In 1981, USC Viterbi’s Information Sciences Institute (ISI) launched a service that transformed semiconductor innovation. At the time, manufacturing experimental computer chips required producing an entire silicon wafer holding hundreds of individual chips—an expensive process costing tens of thousands of dollars. 

MOSIS solved this problem by combining multiple customers’ chip designs onto a single wafer, where each customer paid only for the portion they needed. This collaborative approach drastically reduced the cost of manufacturing test runs, enabling smaller organizations to innovate.

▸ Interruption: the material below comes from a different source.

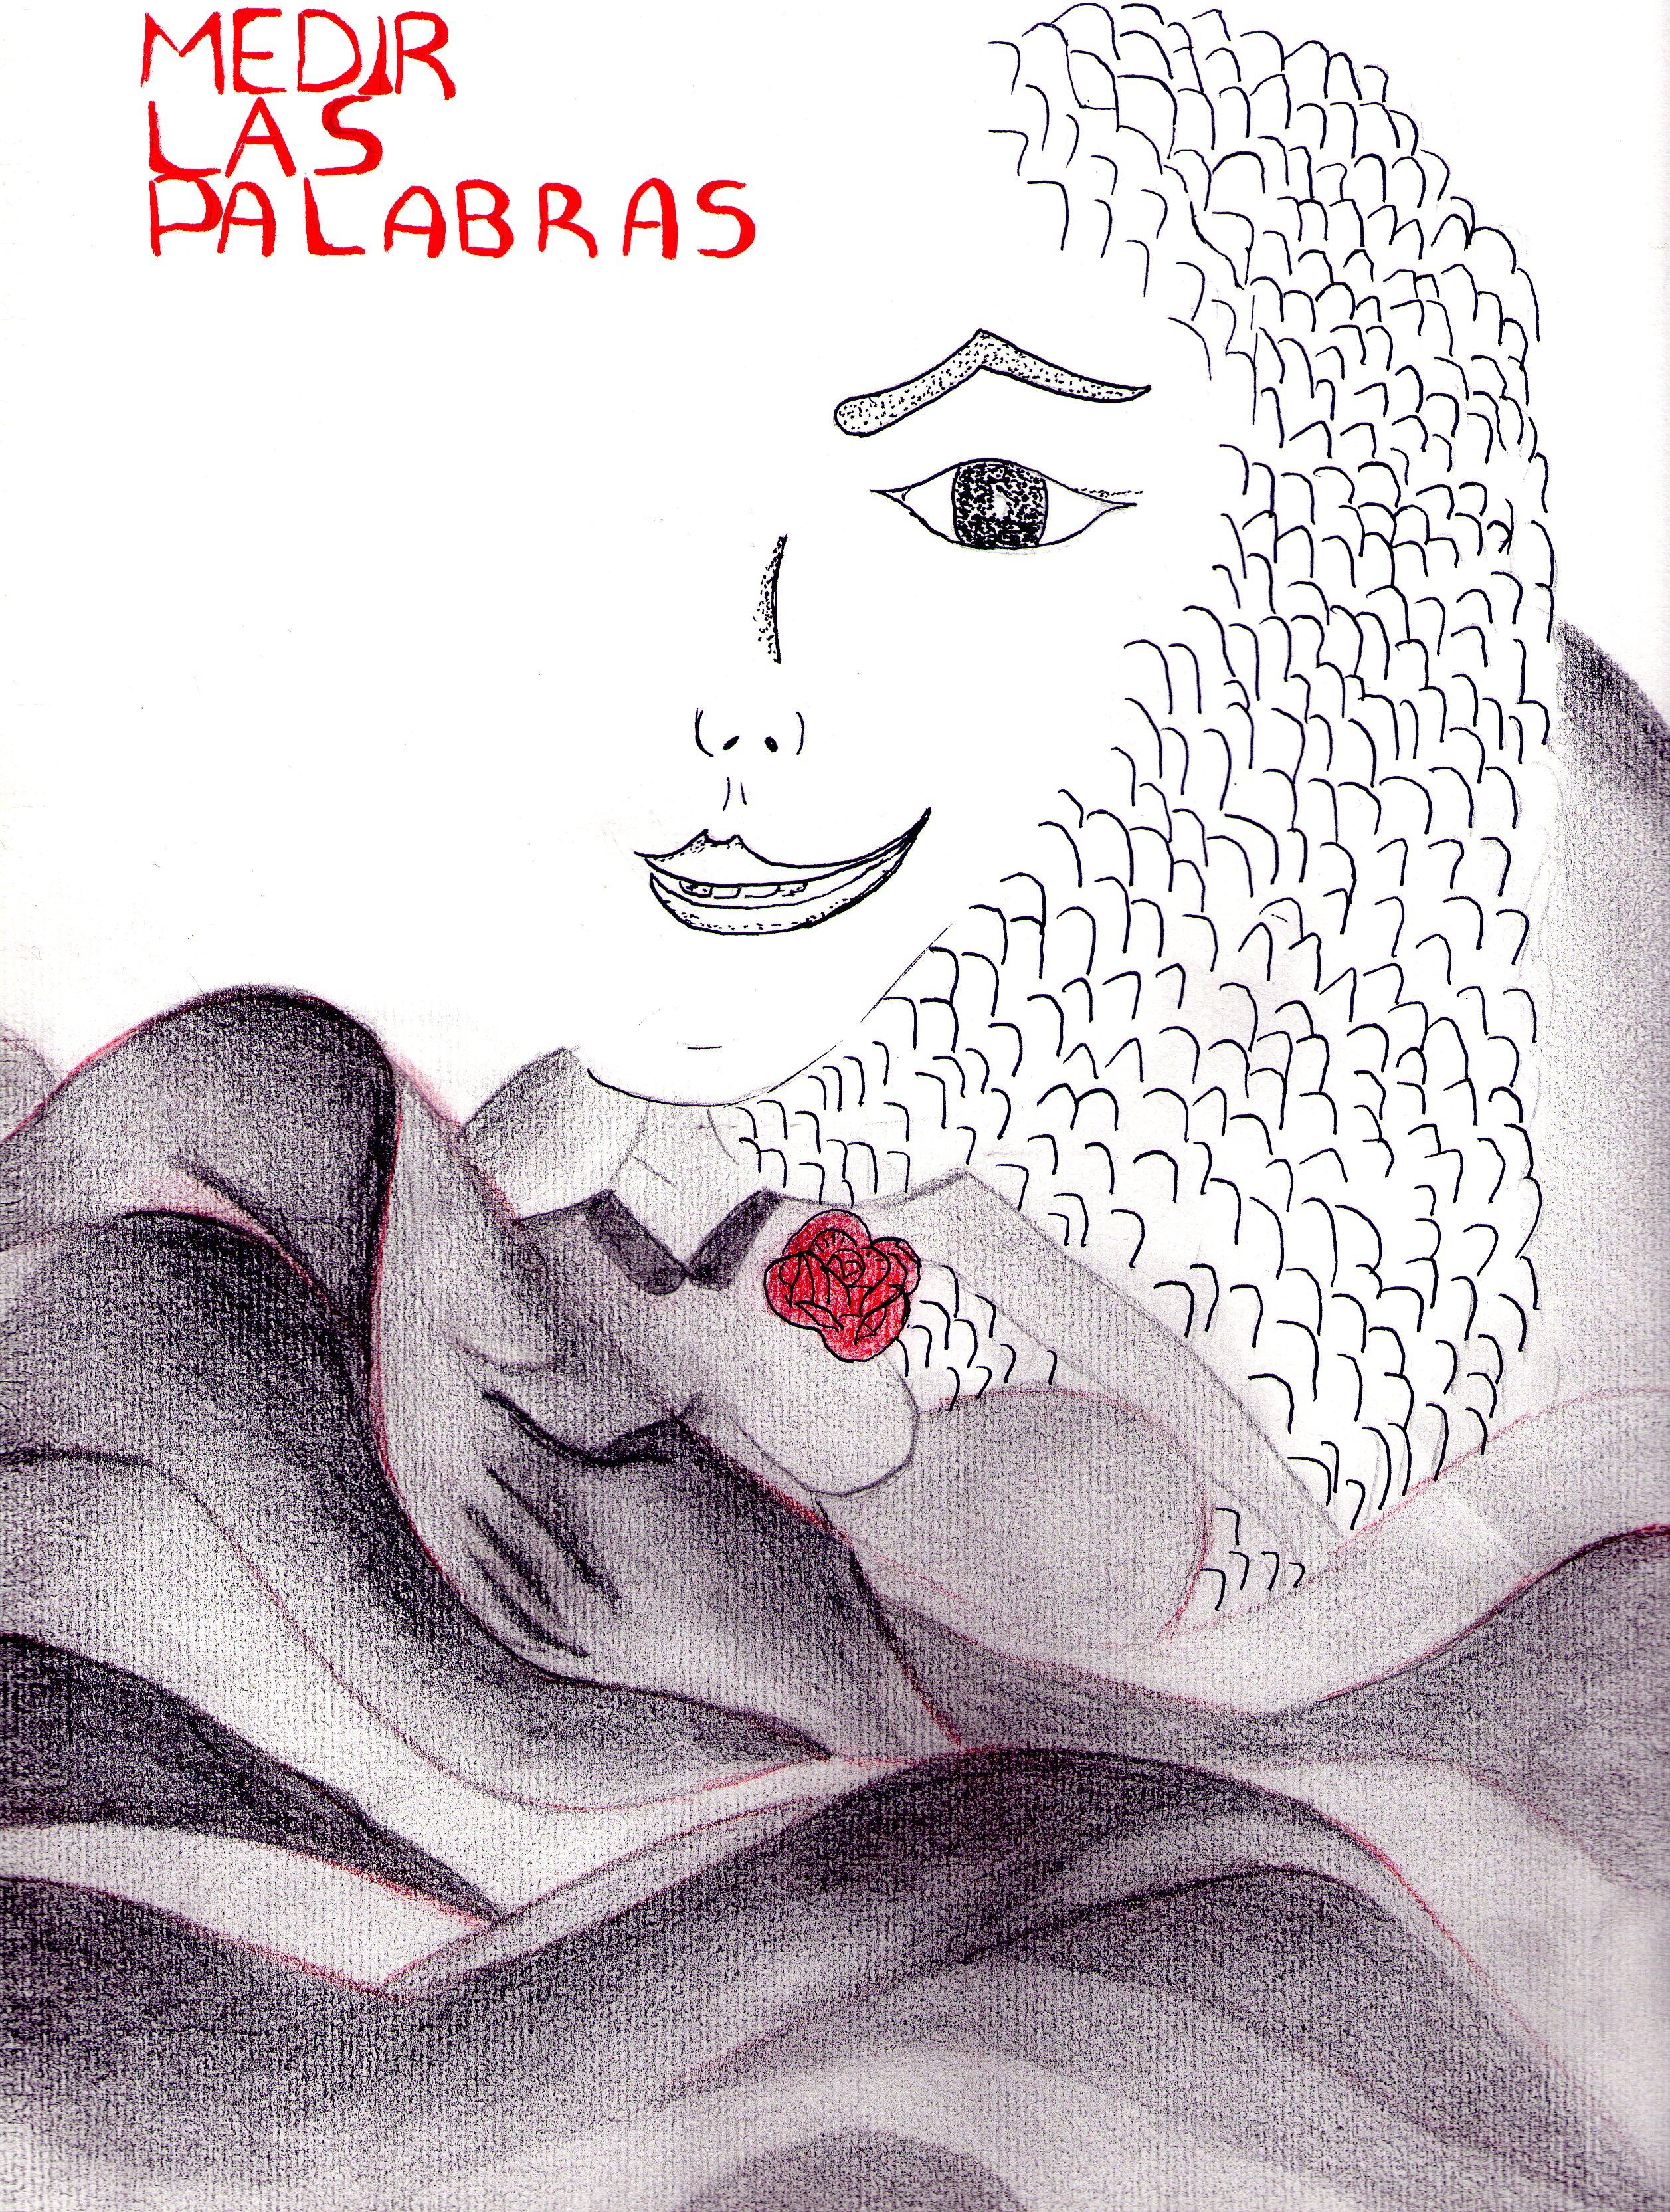 Medir Las Palabras por Silvia Sichel

Over four decades, MOSIS delivered more than 60,000 integrated circuit designs and generated up to $10 million annually at its peak. Now, its successor, MOSIS 2.0, is advancing this legacy to address the next-generation of chip innovation.

Building on a legacy

The USC-led California DREAMS (CA DREAMS) initiative began reinventing MOSIS in late 2023. MOSIS 2.0 not only continues offering MPW services but also expands to a second core focus: prototyping compound semiconductors. These emerging materials outperform traditional silicon-based chips at high frequencies and power applications, making them critical for next-generation technologies.

The new capability is made possible by CA DREAMS’ network of partners, including seven university nanofabrication labs and three defense industrial base (DIB) fabrication facilities across Southern California. “The advantage here is the geographic proximity of different facilities,” MOSIS 2.0 Co-Director Rehan Kapadia said. 

Whereas the original MOSIS shared wafers, MOSIS 2.0 shares processes, equipment, and expertise. If a tool fails at one site, another can step in. Process knowledge is also easily shared across the network, reducing barriers to innovation and enabling faster development of complex technologies.

Bridging Research and Production

The transition from “lab-to-fab”—moving experimental research into large-scale, reliable production—is a major challenge in chip making. For compound semiconductors, this process is particularly difficult due to the lack of standardized manufacturing methods and the need for specialized tools.

“There’s a lot of R&D done in universities on new devices and materials to make analog chips,” MOSIS 2.0 Director Mike Haney said. “But this process has been hindered because there was no mechanism for university labs to readily work with full fabs.” 

This is where MOSIS 2.0 offers solutions. In its first year, the team has streamlined the lab-to-fab transition through several efforts. First is the standardization of processes across partnerships, ensuring seamless project handoffs without delays or rework.

The service is also pioneering a digital transformation among its university nanofabs, which often lack the precision required for scaling innovations. By introducing AI tools, including industrial-grade data analytics and machine learning software, MOSIS 2.0 enhances equipment monitoring and process optimization. These tools detect issues in real time and help refine workflows.

Kapadia explained that using AI-enabled monitoring could halve the time required to develop new process flows. "This is unique," he said. "We're creating a combination of physical and digital infrastructure that will truly be able to accelerate not only early stage semiconductor prototyping, but also how that is transitioned to low-volume, mid-volume, and, ultimately, high-volume production."

Administrative efficiency

Another way MOSIS 2.0 streamlines collaboration is by uniting multiple institutions under a single administrative framework. This approach could eliminate months of setup time for technical projects.

For example, when hub partner Northrop Grumman, a leading global and aerospace defense technology company, needed to test a new chip patterning process, they connected with USC's nanofabrication lab through MOSIS 2.0's pre-established channels. What would normally require months of legal agreements and process setup was completed in two weeks. 

“It was just amazing to see the speed of this little project,” said Augusto Gutierrez-Aitken, a fellow at Northrop Grumman. “The big difference here is that California DREAMS has already established all that collaboration infrastructure to begin with.”

Open for business

With its operations model in place, MOSIS 2.0 began accepting external customers in summer 2024 and launched its storefront in October. The program serves Department of Defense, academic, and industry clients, tailoring its service to their needs. 

When a customer submits their project requirements, they are matched with a dedicated MOSIS 2.0 engineer to guide them through the development process. Simple fabrication runs follow a streamlined path, while complex prototyping projects receive customized support from experts within MOSIS 2.0 and its partner institutions.

Each project also contributes to a growing knowledge base, capturing intellectual property and process innovations that can be reused for future designs. "Instead of having to reinvent the wheel, customers can use something that already exists," Kapadia said.

In 2025, MOSIS 2.0 plans to scale up both its business and capabilities. The goal is ambitious: achieve self-sustainability within the next few years and generate $20 million in annual revenue. “​​We have a superb team, combined with the extensive resources within our nanofabs and fabs,” Haney said. “If we can’t do it, nobody can.”